Why Is Measuring CO2 Output Critical? 

Like we said, the number of businesses with last mile operations who are prioritizing sustainability is large and growing. Between improving truck capacity utilization, boosting route efficiency, and other tactics, these businesses are taking meaningful efforts to cut out carbon emissions and help mitigate the impact of climate change. 

And yet, significantly fewer than half (39%) are able to track and measure their progress. 

To be clear, the ability to measure the impact here isn’t just a nice to have. 55% of respondents to our survey acknowledged that sustainability was “somewhat” or “very” important to their customers. In spite of this, only 1 in 5 companies were actually sharing their sustainability initiatives with customers. 

To be sure, decarbonization efforts don’t happen overnight, and no one wants to let the perfect be the enemy of the good when it comes to powering green logistics. But as the number of customers who care about this issue—and whose purchasing decisions are driven in part by sustainability considerations—grows, it’ll be important for businesses to be able to point to concrete outcomes and achievements in terms of CO2 output.

By the same token, it’s difficult to reduce what you can’t measure. Sure, the techniques we’ve been talking about can have an impact even if you implement them blind, but at a certain point, measuring your efforts is the only way to keep improving on them and ultimately make a real impact. 

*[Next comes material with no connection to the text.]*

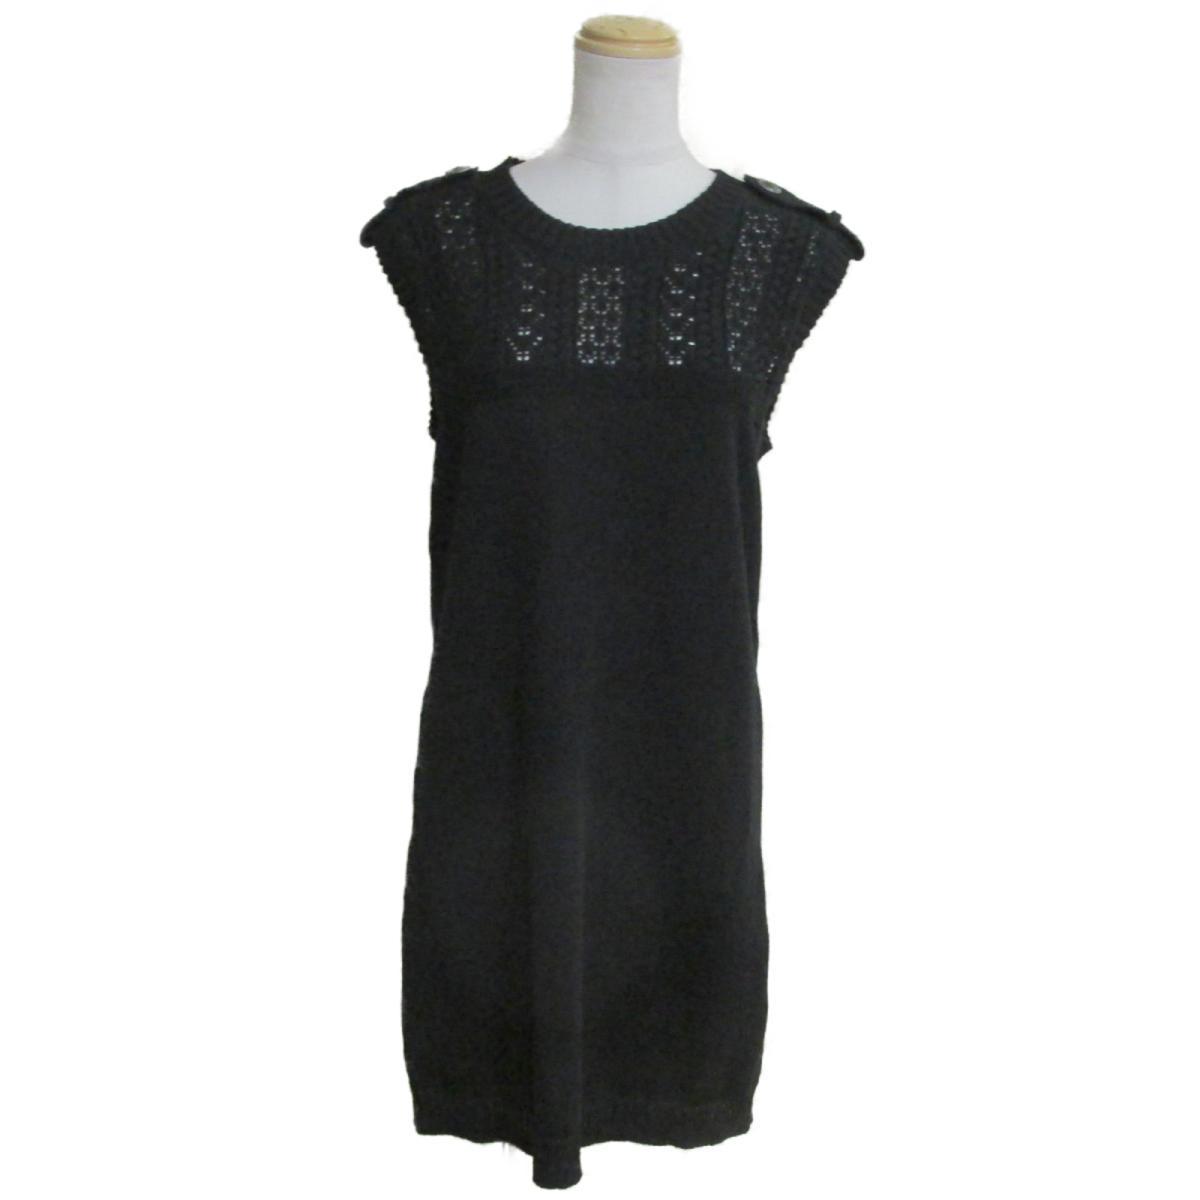 【中古】 シャネル ニットワンピース レディース コットン100% ブラック (P53710K06995) | CHANEL BRANDOFF ブランドオフ 衣料品 衣類 ブランド ワンピース

How to Track Carbon Emissions Reduction in Logistics

The good news here is that the ability to track your carbon footprint reduction from driving fewer miles doesn’t have to be a huge challenge—provided you have the requisite level of visibility. 

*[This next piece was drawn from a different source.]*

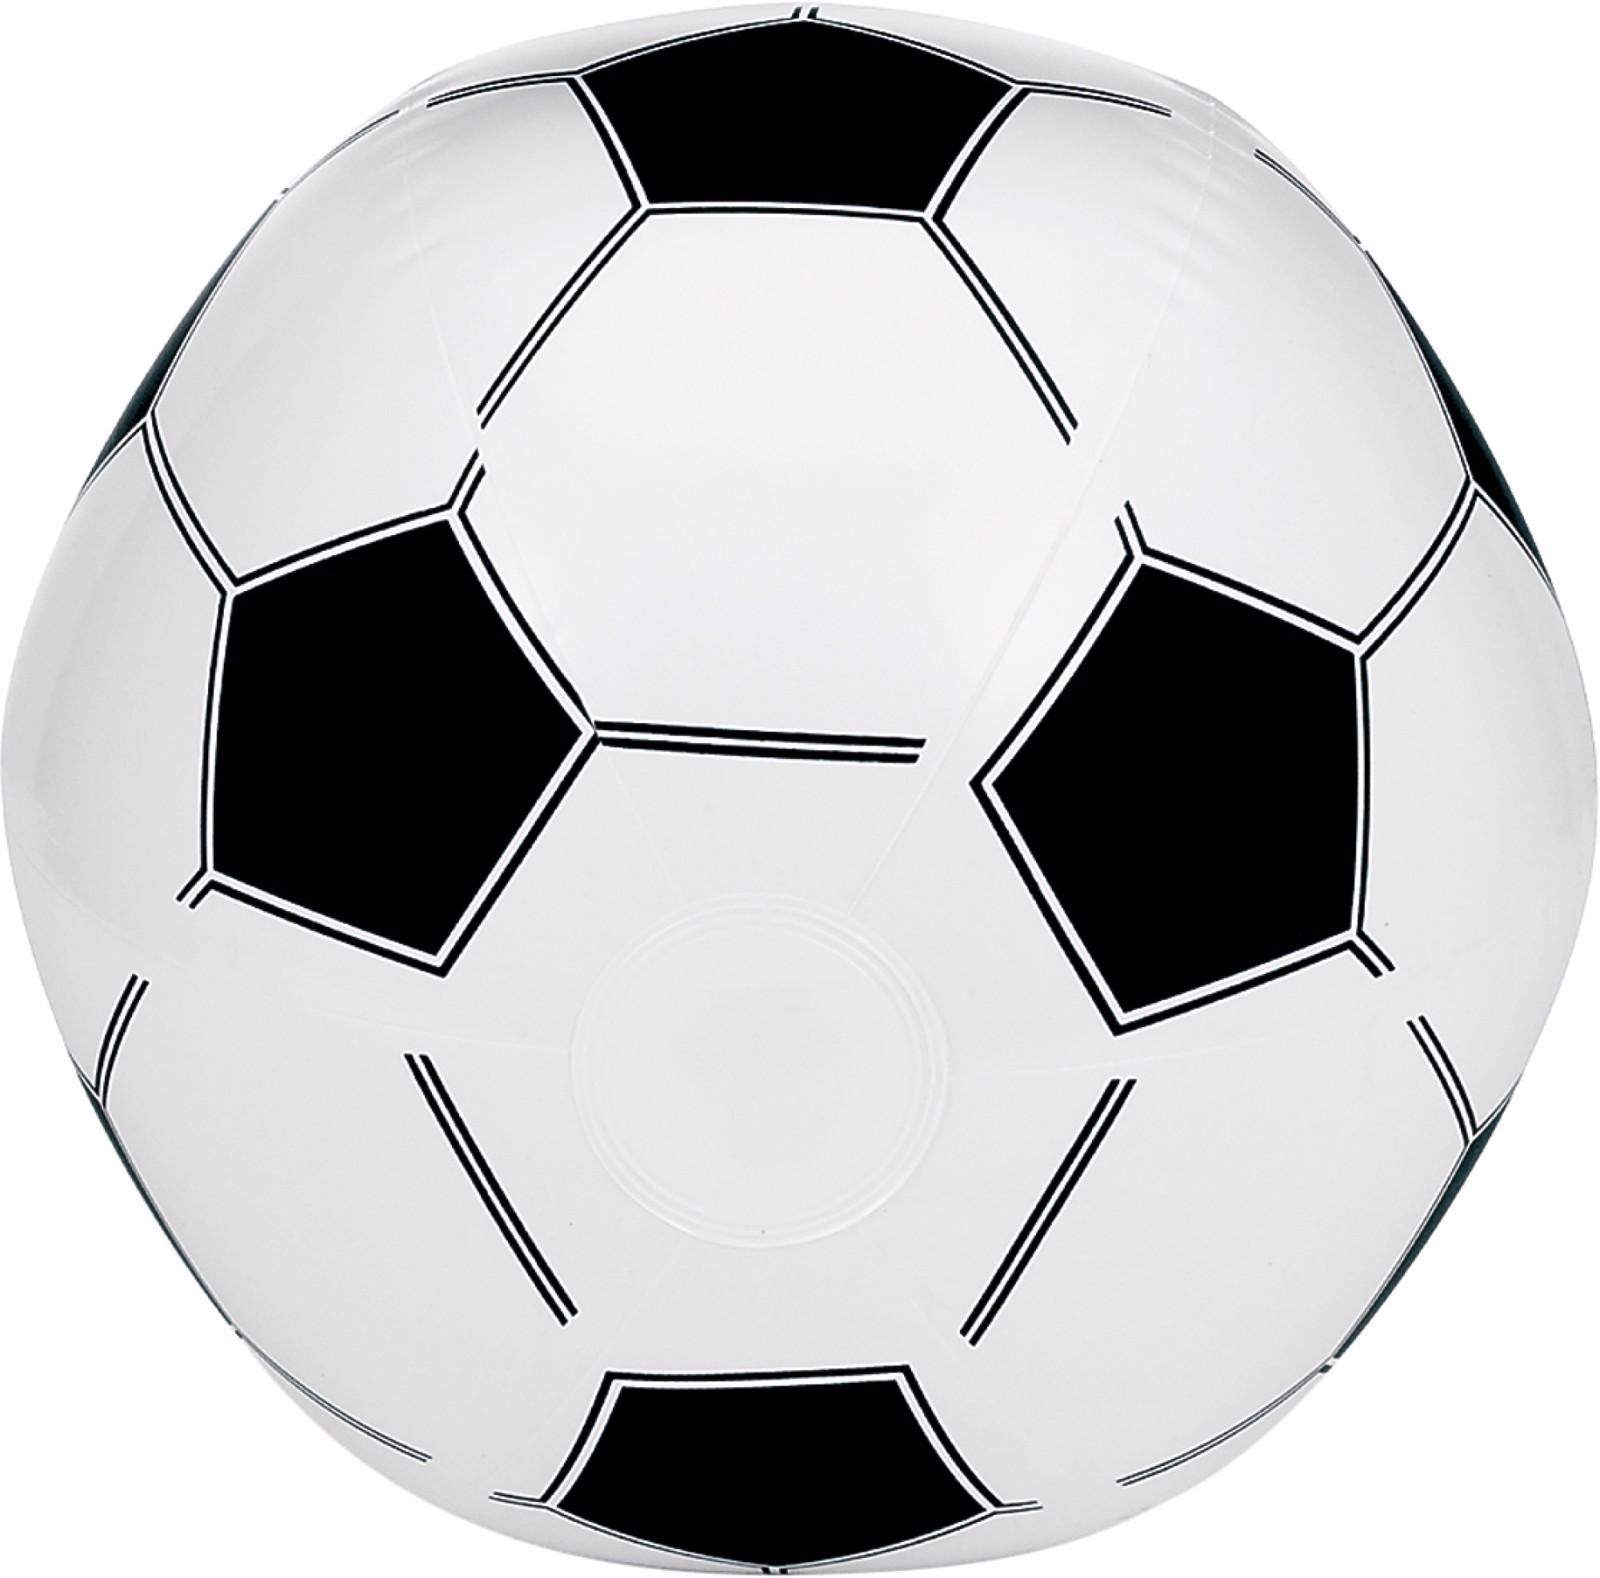 PVC football - White

Since CO2 emissions in the last mile are essentially a function of miles driven, as long as you can actually measure the number of miles you’re driving you ought to be able to track and measure the impact of your efforts. Of course, different trucks and load types will have different carbon outputs, and your system needs to be able to account for this in a fairly legible way. 

Simply put, to get started with actually tracking your progress, your final mile software platform needs to offer you a few things:

  • The ability to specify different fuel consumption expectations for different vehicle and load types
  • The ability to visualize expected CO2 output as a function of miles and truck/load type at the route planning stage, ideally at both a route level and a stop level
  • Total visibility into the last mile as it unfolds, plus a complete audit trail for every delivery showing exactly where the truck went
  • An easy way to report on planned vs actual CO2 emissions for different time horizons based on the data and parameters in the three bullet points above. 

This might sound like a tall order, but if you’re already optimizing your routes and tracking your deliveries effectively, most of the information you need is right there—it’s just a matter of processing it in the right way. Here, real-time updates to expected CO2 emissions during the route planning can be particularly impactful, giving route planners live feedback as they plan so that they’re able to make adjustments with an eye towards cutting emissions. 

Once you can actually measure the impact of your sustainability initiatives, you can iterate on them over time and improve your carbon efficiency going forward. And when customers are deciding who to buy with, you can point to hard data that shows off the real impact of your efforts.